In today’s modern world of processed foods and heavily marketed “healthy diet” foods, most of our foods can contain sugar that we might not be immediately aware of. These foods can contain hidden sugars in amounts that are much higher than their natural counterparts. For example, processed honey often contains higher sugar content than raw honey. In a similar way, it’s not just hidden sugars but artificial sweeteners that pose a health risk. “Diet” foods often replace sugars with forms of chemical-based artificial sweeteners that can often be worse for you than processed sugar. So, here are five ways that you can identify unhealthy hidden sugars.
- Read the label
Now, this might sound like common sense but it’s something that’s often overlooked. In most countries, packaged food is required to carry a nutrition facts somewhere on the label. Sugars are usually listed below carbohydrates and there is usually no differentiation between natural and processed sugars in the listed amount. So, the amount you read is likely to be the total amount of sugar in the product. Be sure to check the serving size that is quoted on the label. Since it’s not standardised between different brands and products, you may sometimes see numbers that are higher or lower than you might expecting.
- Know their names
Reading the ingredients list can also seem like a good idea if you’re on the lookout for hidden sugars in your food. However, in many food products, sugars are named according to their chemical or scientific names. This can make it hard for many people to determine what additives might be in their food. Thankfully, most of us now have smartphones and internet access so it’s possible to simply look up the names of ingredients that we don’t understand. Common forms of added sugar are named things such as lactose, fructose, sucrose, corn syrup or cane syrup.
- Swap sweets with fruits
It stands to reason that candies and other sweet food products are more likely to contain processed sugar than natural ingredients. So, the simplest solution for managing a sweet tooth is to avoid sweet food altogether. Whole fruits can still contain sugar but this is typically in the form of fructose, a natural sugar. Natural sugars are still forms of sugar but they are much healthier for you since they are simple sugars, instead of complex sugars which are hard to break down in the body and result in potentially harmful by-products when consumed in excessive quantities.
- Cut down on sauces
What many people may not know is that sauces and salad dressings can contain lots of unhealthy additives. Barbecue sauce, for example, can contain six grams of sugar or more per tablespoon. Even Thousand Island salad dressing can contain 2.4 grams of sugar or more per tablespoon. So, to avoid taking in unnecessary calories and added sugar, cut down sauces and dressings.
- Have multigrain cereals for breakfast
Breakfast cereals are among the easiest home breakfasts you can make but your choice of cereal could be adding a lot of complex sugars to your daily diet. The obvious sweetened cereals include most of the cereals aimed at children. Cereals such as the colourful, fruit or chocolate-flavoured varieties are usually high in sugar with little other nutritional value. Instead, look for cereals that contain whole grains and no additional flavourings such as chocolate or honey. Additionally, avoid those with dried fruit since they usually are preserved in some way and contain added sugar for flavour. You can instead add your own fresh fruits, yoghurt and other toppings to your cereal for taste.
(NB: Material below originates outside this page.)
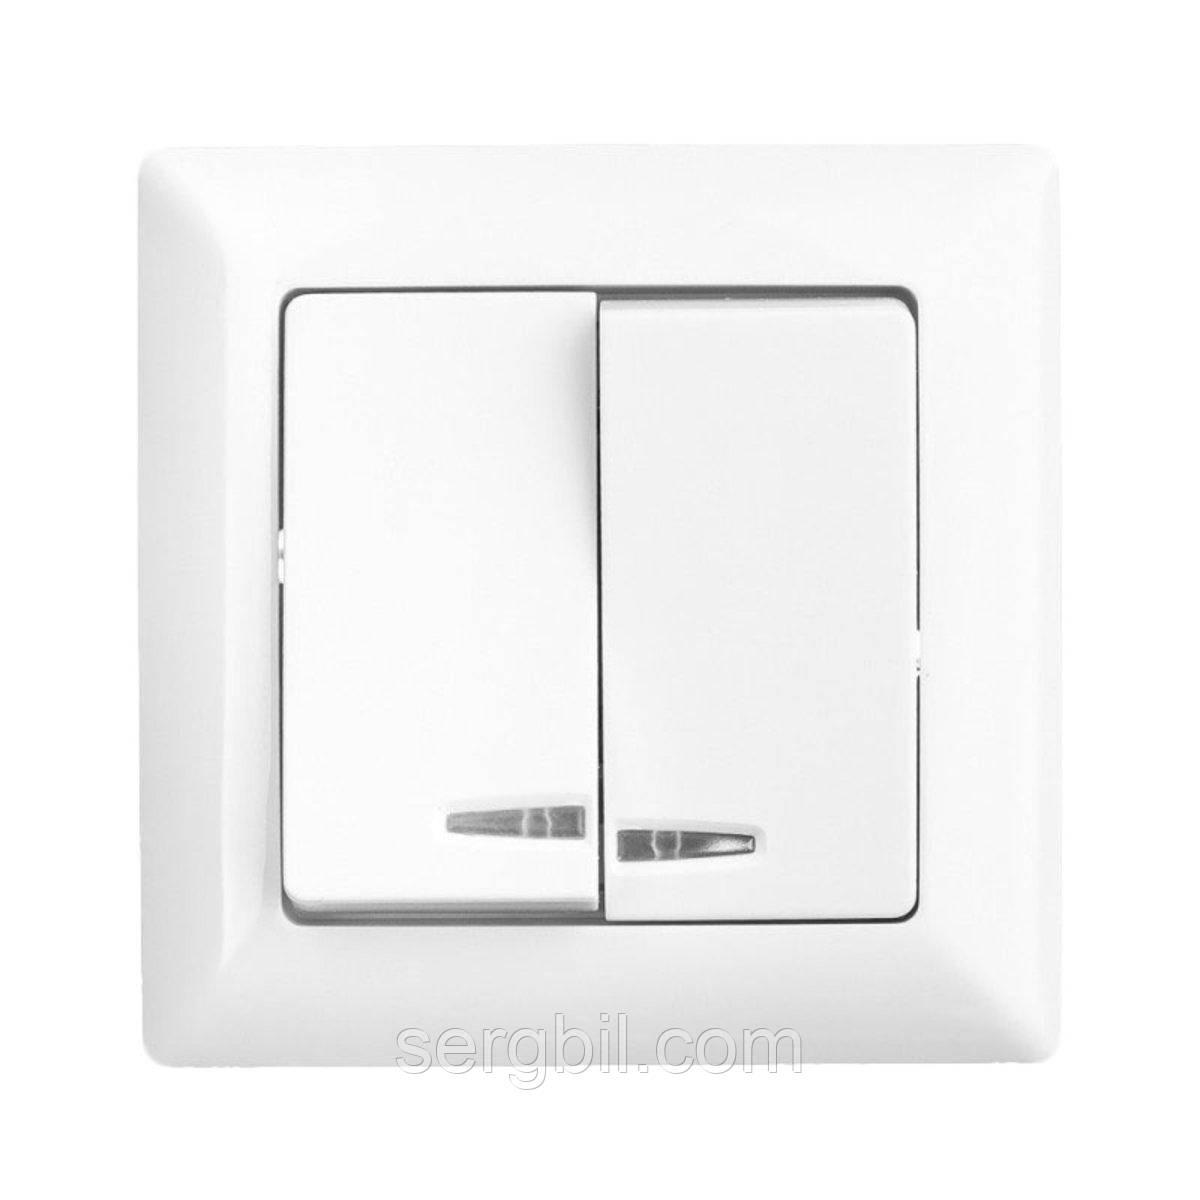 Выключатель с 2 клавишами с подсветкой Lectris Белый LCI005

Added sugars are, unfortunately, a sign of the modern times. However, by understanding the different types of sugars and how to identify them, it’s possible to avoid unknowingly consuming added sugars. A healthy balanced diet is still important to maintain and simply cutting out sugars on its own is not likely to have any noticeable impact without first balancing your intake of protein, healthy fats, sodium and minerals.